Dendrite morphogenesis from birth to adulthood

Abstract

Dendrites are the conduits for receiving (and in some cases transmitting) neural signals; their ability to do these jobs is a direct result of their morphology. Developmental patterning mechanisms are critical to ensuring concordance between dendritic form and function. This article reviews recent studies in vertebrate retina and brain that elucidate key strategies for dendrite functional maturation. Specific cellular and molecular signals control the initiation and elaboration of dendritic arbors, and facilitate integration of young neurons into particular circuits. In some cells, dendrite growth and remodeling continues into adulthood. Once formed, dendrites subdivide into compartments with distinct physiological properties that enable dendritic computations. Understanding these key stages of dendrite patterning will help reveal how circuit functional properties arise during development.

Fig. 1:. Organization of cells and synapses in mammalian retina.

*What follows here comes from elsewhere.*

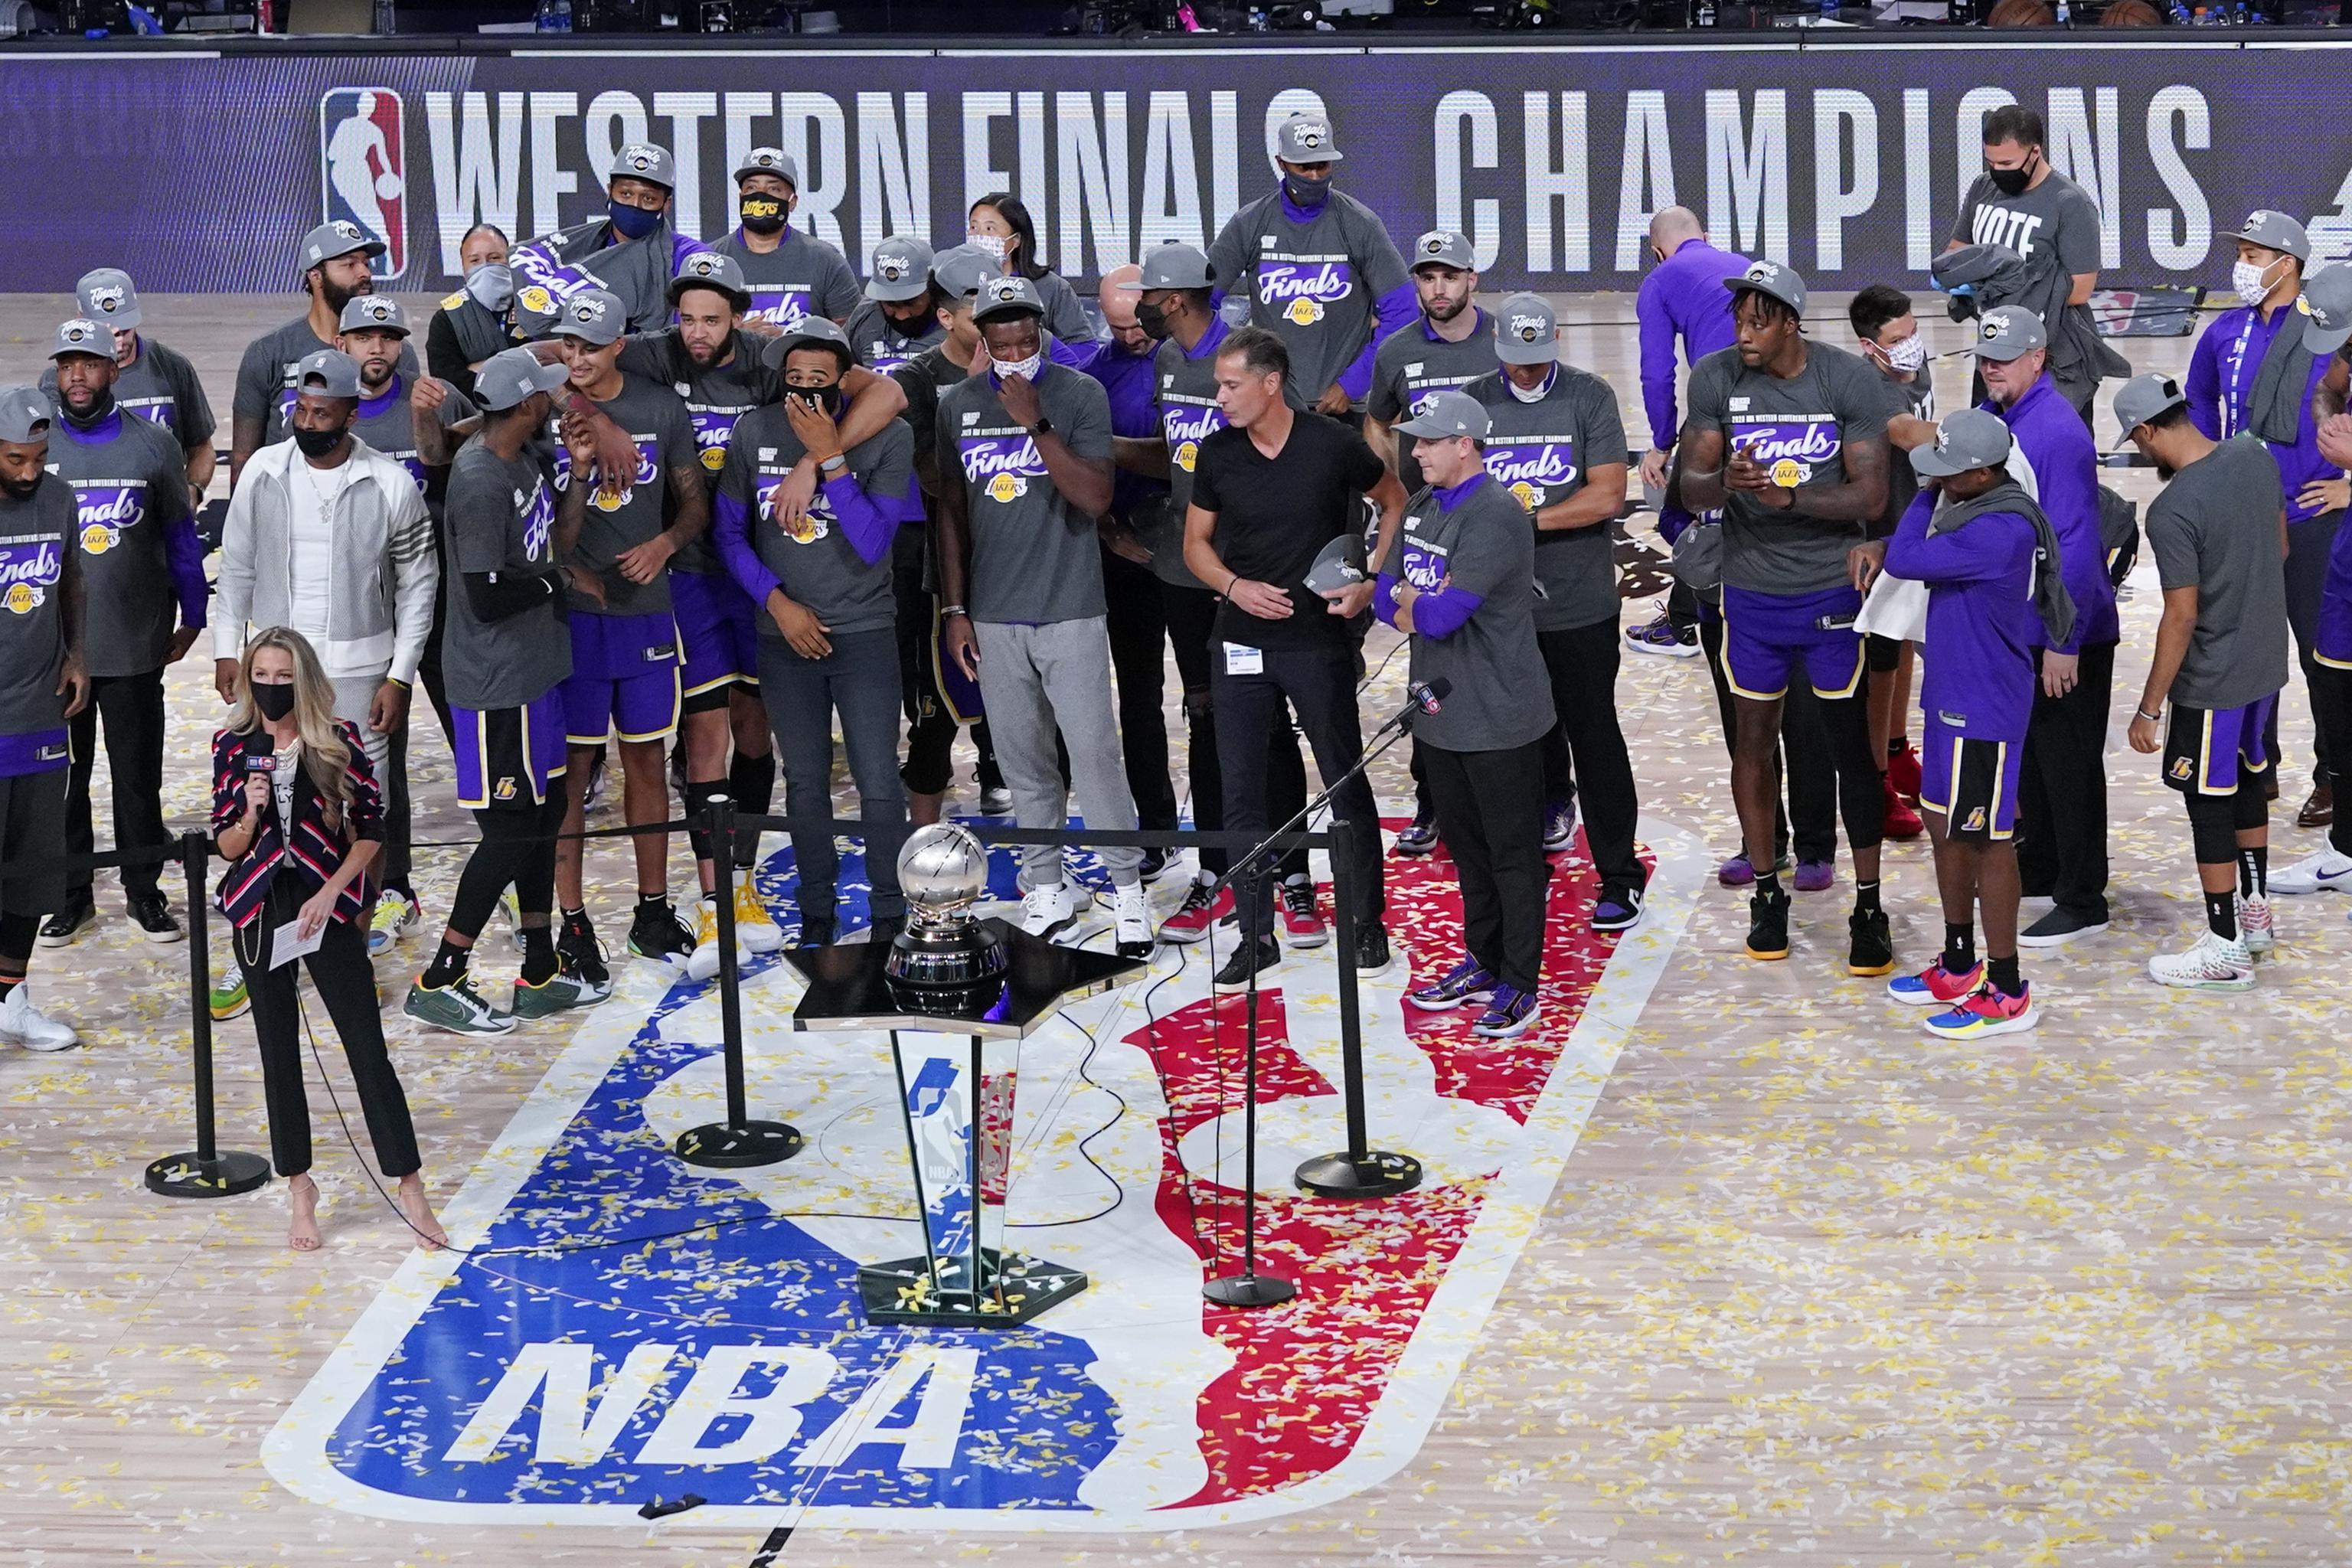 Nba Finals 2020 Early Odds Schedule As Lakers Await Celtics Vs Heat Bleacher Report Latest News Videos And Highlights

Cellular layers (shaded) include outer and inner nuclear layers (ONL, INL); ganglion cell layer (GCL). Outer and inner plexiform layers (OPL, IPL) contain synapses. In outer retina, horizontal cells (purple) receive synapses from cone photoreceptors (red) on their dendrites, and from rods (dark blue) on their axons (a postsynaptic arbor with many dendrite-like properties). Rods and cones also connect to dendrites of specific bipolar cell types; cone bipolar cells (light blue) are illustrated here. In IPL, the direction-selective circuit is illustrated as an example of how inner retinal circuits are organized. Circuit partners converge upon particular IPL sublayers, where direction-selective retinal ganglion cells (RGCs, pink) receive glutamatergic excitation from bipolar cells (light blue) and inhibition from starburst amacrine cells (green). Direction-selective circuit occupies two sublayers (OFF, ON); starburst and bipolar cells project to one or the other, depending on the polarity of their light response. ON-OFF direction-selective RGCs project to both sublayers.

Fig. 2:. Initiation of dendrite formation in migrating amacrine cells.

Two types of amacrine cells, starburst (A) and late-born narrow-field cells (B), highlight distinct dendrite initiation strategies. Each cell type is illustrated at three time points: 1) Early radial migration through the outer neuroblast layer (ONBL); 2) nearing their final position adjacent to the IPL; and 3) initiating dendrite projections into the IPL. Starburst cells use homotypic contacts (A, arrow) to detect that they have arrived in the right place for IPL innervation. Narrow-field cells send out long basal processes (B, arrow) to obtain IPL-derived polarity signals that control timing and location of dendrite initiation. Dendrite initiation is impaired when recognition receptors MEGF10 and Fat3 are eliminated. Megf10^–/– starburst cells (A) do not receive contact-mediated signals initiating IPL innervation, and therefore remain multipolar (A, time 3, right). Fat3^–/– narrow-field cells (B) lose cytoskeletal polarity, which slows migration and permits dendrite initiation on the wrong side of the cell (B, time 3, right). WT, wild-type cells. Arrowheads, mislocalized dendrites in mutant cells. Layer abbreviations as in Fig. 1.

Fig. 3:. Functional compartmentalization of starburst amacrine cell dendrites.

A: Starburst dendrites are radially symmetric. GABAergic presynaptic boutons (magenta) are restricted to the distal third of their dendrites. B: Detail of part of a starburst dendritic arbor. Circles illustrate restricted distribution of inhibitory (orange) and excitatory (blue) synaptic inputs. C: Individual wild-type starburst boutons have preferred directions (PDs, magenta arrows) aligned to the cell’s centrifugal axis (gray arrow). Local dendrite angle determines bouton PD, as shown by Sema6a^–/– dendrites (illustrated at right). Dendrite mispatterning causes uncoupling of bouton PD and centrifugal axis (arrows, right panel).